Yesterday I heard a story about MLK’s preaching as an art form. He used a method of oral traditions where he borrowed from other writings that he liked and created his own.
The report danced around the idea of it being a sort of music sampling, the art of combining sounds from existing music and making your own.
I love that idea.
I like, also, seeing how other people posted information, too. Clusterflock posted the photo (below) that put a Woolworth’s drug store in Greensboro, NC on the map back in February 1960:

Read more about this story here.
I spent a lot of time in Greensboro growing up, and — you know what — I never heard this sit-in story while living there.
I waited till I got to Chicago. At the time, I worked at the Merchandise Mart, a company who owns buildings in High Point, NC where I grew up. High Point neighbors Greensboro. I heard a story about the head boss, one of Robert Kennedy’s kids, and how he took his executive staff on a field trip while in North Carolina. They visited the place where Woolworth’s was.
This person told me how the sit-in meant a lot to Kennedy — you could tell by the look on his face — but you could tell that the others were kind of bored. The trip was anticlimactic, because I don’t think the place exists as it did. From what I remember, they spent a while trying to look through windows of a closed-down building.
What is racism?
Growing up in the south, racism just was. And I knew very little about it, except that there were lots of people around me that got whispery when they talked about black people.
I’d love to say that I’m not racist, but I can’t say that. I don’t believe anyone is absent of racism. Maybe I’m wrong about that. I hope I am.
I need these stories like the ones at Woolworth’s. I need stories on the radio. I need more exposure and time with people of different cultures and skin colors. I need more understanding.
We all could use more. The best way lots of us can end racist talk is by discontinuing the use of the phrase, “I’m not racist, but …”
Screeching tires segue
I was hoping to somehow drift toward another story that happened in Greensboro lately, but it doesn’t feel right to do. But I’m going to force it in like the dude in the previous post shoving the Tower of Pisa into his friends rectum.
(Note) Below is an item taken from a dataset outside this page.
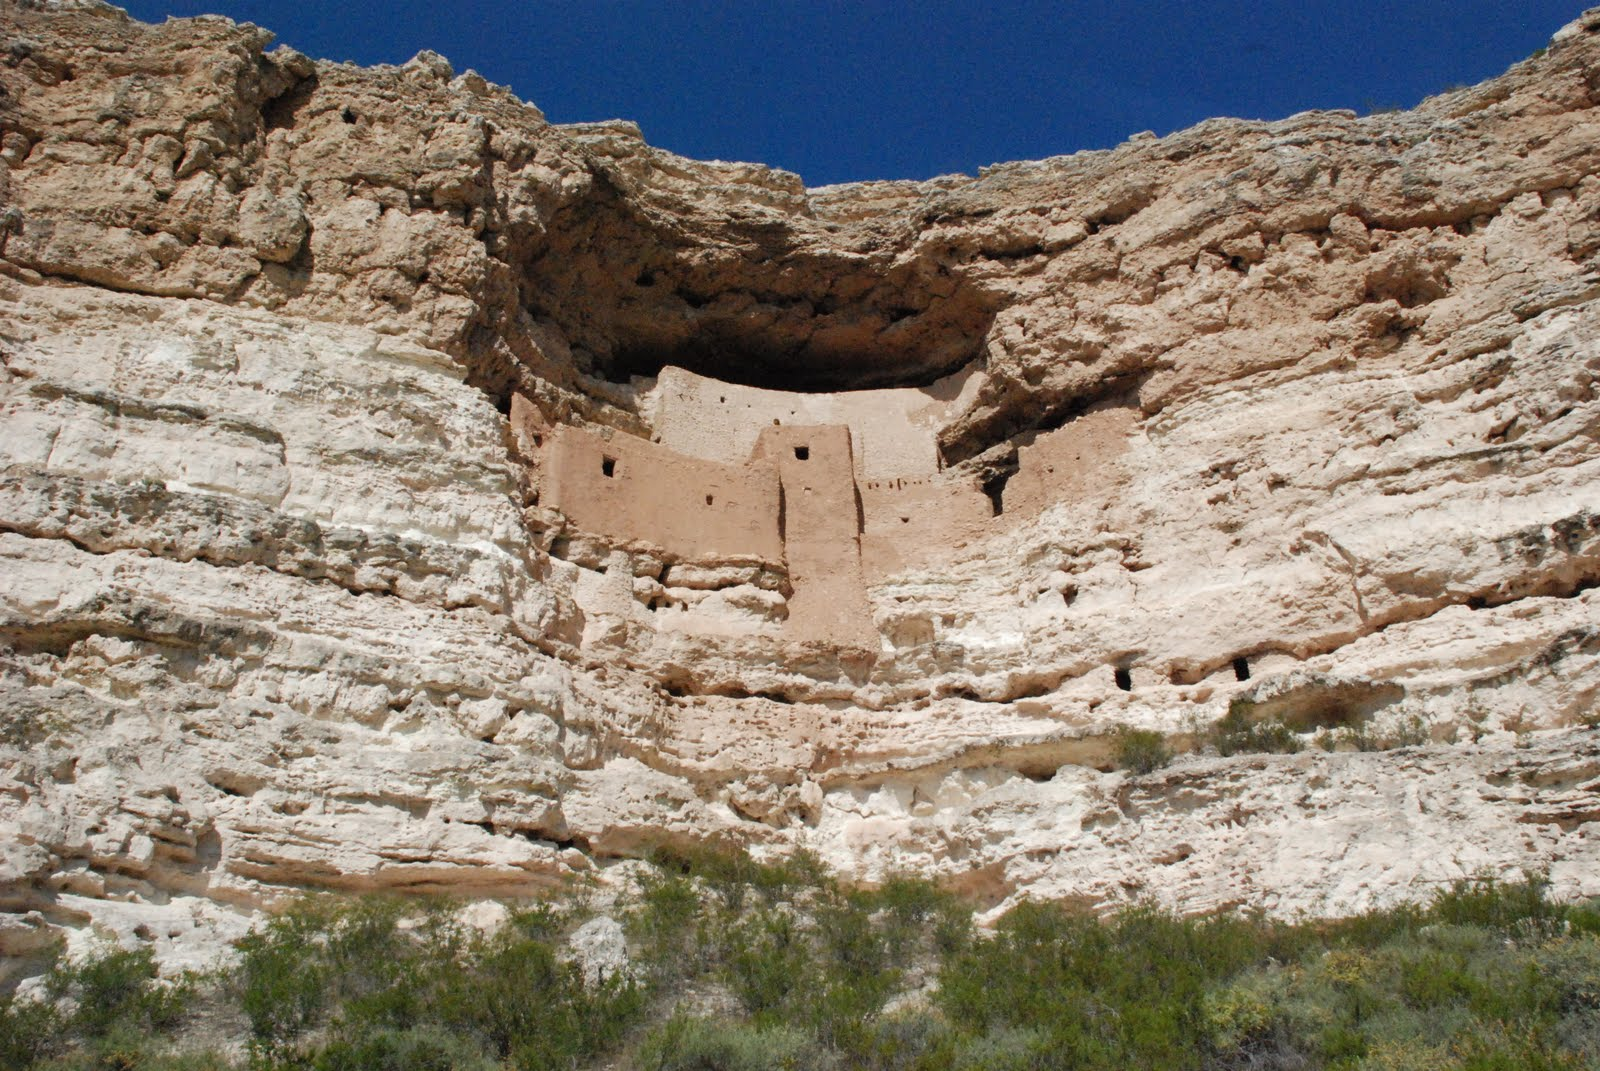 montezuma castle Arizona's montezuma castle national monument, a sinagua cliff house includes montezuma well and photos, climate, history, hiking, with links & mileage guides to.

Go check out this story over at Friendly Atheist in which a Greensboro, NC atheist, agnostic and skeptics group helped remove prayer from city council meetings in their city.
I don’t think anyone is going to memorialize the podium that the atheists spoke at like they did the counter at Woolworth’s, but it’s a big deal.
Ahhh, progress
Social conservatives yap on about the old ways of life, when everything was peachy and great. But the Woolworth’s thing, that happened only 52 years ago. That’s a little drop in the bucket of human history.
And the prayer thing happened over the last year.
We don’t need to go back to racist America. And we don’t need prayer to one deity, when the world has many. This is a country of freedom. And freedom means you can worship what and who you want. And I can have the freedom not to. And if that steps on your toes, you fail at understanding the meaning of freedom.
I don’t want sit-ins at Woolworth’s. I don’t want prayer to one deity at my city meetings. Not because it makes me feel uncomfortable, but because it might make someone else.
I care about other people. I try really hard to do so anyway.
I hope you do, too.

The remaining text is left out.